Connor Shields

Personal information
- Full name: Connor Jon Shields
- Date of birth: 29 July 1997 (age 29)
- Place of birth: Coatbridge, Scotland
- Height: 1.79 m (5 ft 10 in)
- Position: Striker

Team information
- Current team: Preah Khan Reach Svay Rieng
- Number: 97

Senior career*
- Years: Team / Apps / (Gls)
- 2015–2018: Albion Rovers / 39 / (9)
- 2018–2019: Sunderland / 0 / (0)
- 2018–2019: → Alloa Athletic (loan) / 30 / (3)
- 2019–2020: Aldershot Town / 22 / (0)
- 2020: → Billericay Town (loan) / 2 / (1)
- 2020–2021: Queen of the South / 22 / (8)
- 2021–2023: Motherwell / 44 / (2)
- 2023: → Queen's Park (loan) / 14 / (5)
- 2023–2025: Chennaiyin / 42 / (4)
- 2026–: Preah Khan Reach Svay Rieng / 14 / (2)

= Connor Shields =

Scottish footballer (born 1997)

Connor Shields (born 29 July 1997) is a Scottish professional footballer who plays as a striker for Cambodian Premier League side Preah Khan Reach Svay Rieng.

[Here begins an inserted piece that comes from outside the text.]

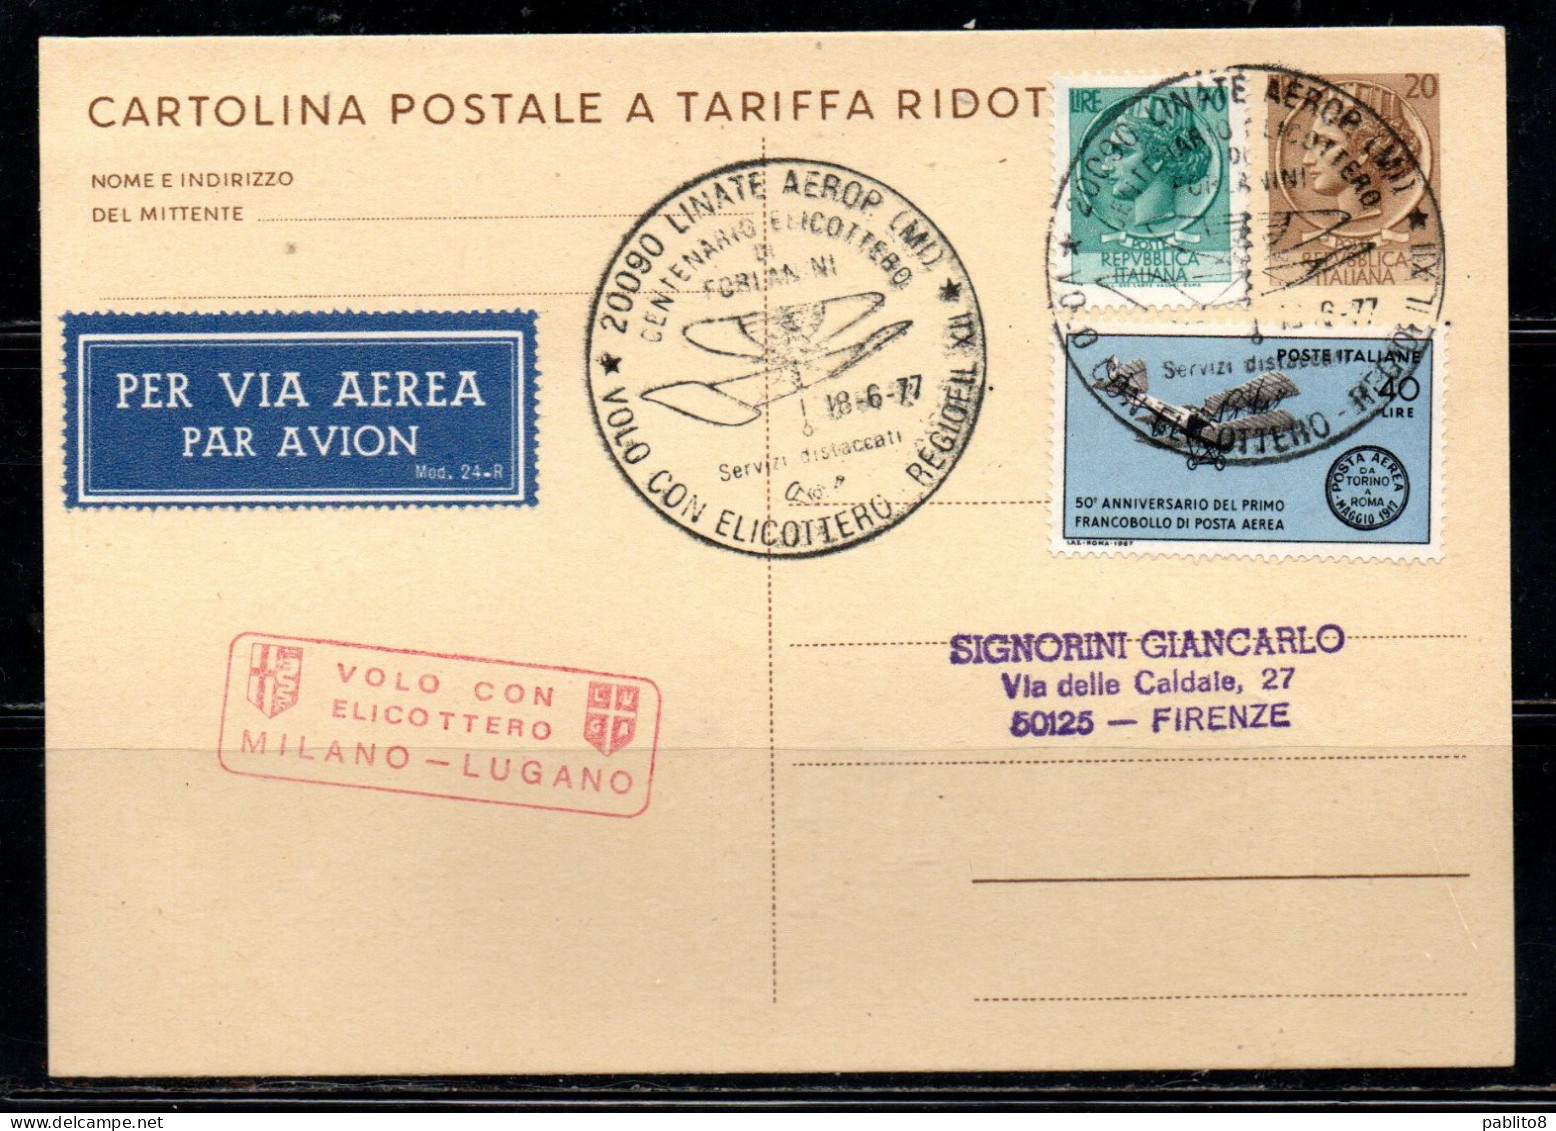 ITALIA REPUBBLICA ITALY REPUBLIC CARTOLINA POSTALE 18-6-1977 VOLO CON ELICOTTERO MILANO - LUGANO FORLANINI VIAGGIATA - Stamped Stationery
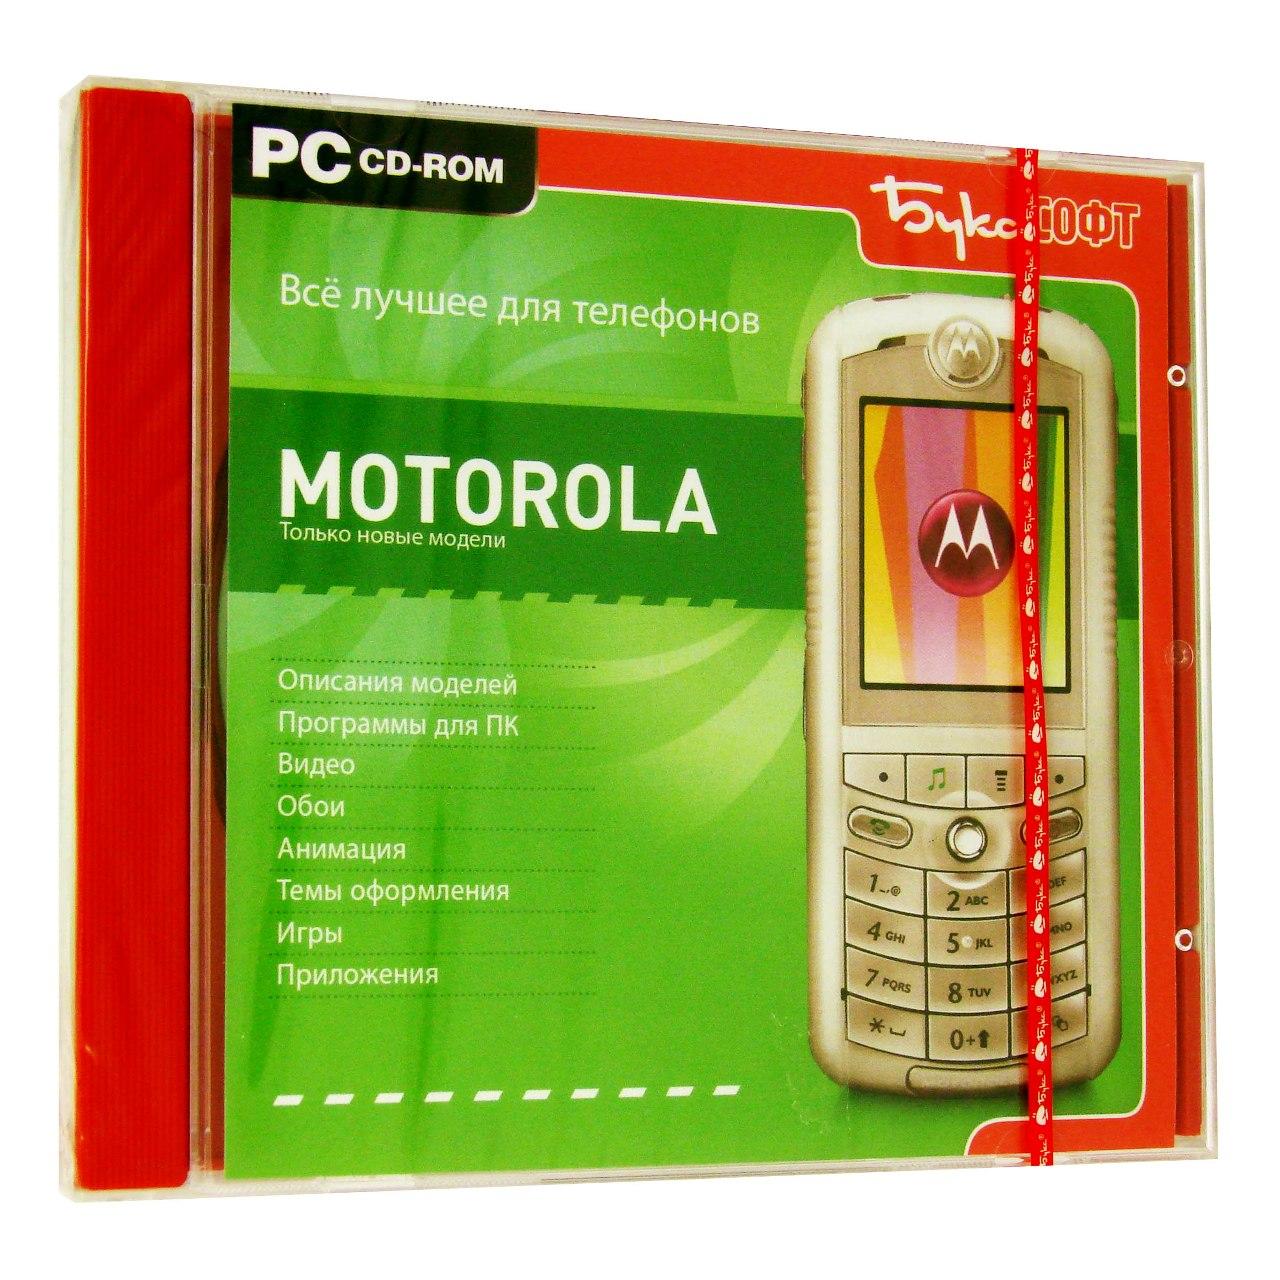 Компьютерный компакт-диск Все лучшее для телефонов Motorola (PC), фирма "Бука", 1CD

He has previously played for Albion Rovers, Sunderland, Aldershot Town and Queen of the South and Motherwell. Shields has also had loan spells with Alloa Athletic, Billercay Town and Queen's Park.

==Career==
Shields started his career at Albion Rovers during the 2015–16 season.

In January 2018, Shields earned a move to England, signing for Sunderland. In August 2018, Shields was loaned to Alloa Athletic for six months. Shields was released by Sunderland at the end of the 2018–19 season and received interest and offers from a number of clubs.

In June 2019, Shields signed for Aldershot Town on a one-year deal. In March 2020 he moved on loan to Billericay Town, scoring on his debut.

In August 2020, Shields signed for Queen of the South on a one-year deal.

===Motherwell===
On 27 May 2021, Shields signed a three-year deal with Scottish Premiership club Motherwell. He scored his first goal for the club on 20 November 2021, in a 2–0 home win against Heart of Midlothian.

On 31 January 2023, Shields joined Scottish Championship club Queen's Park on loan until the end of the season.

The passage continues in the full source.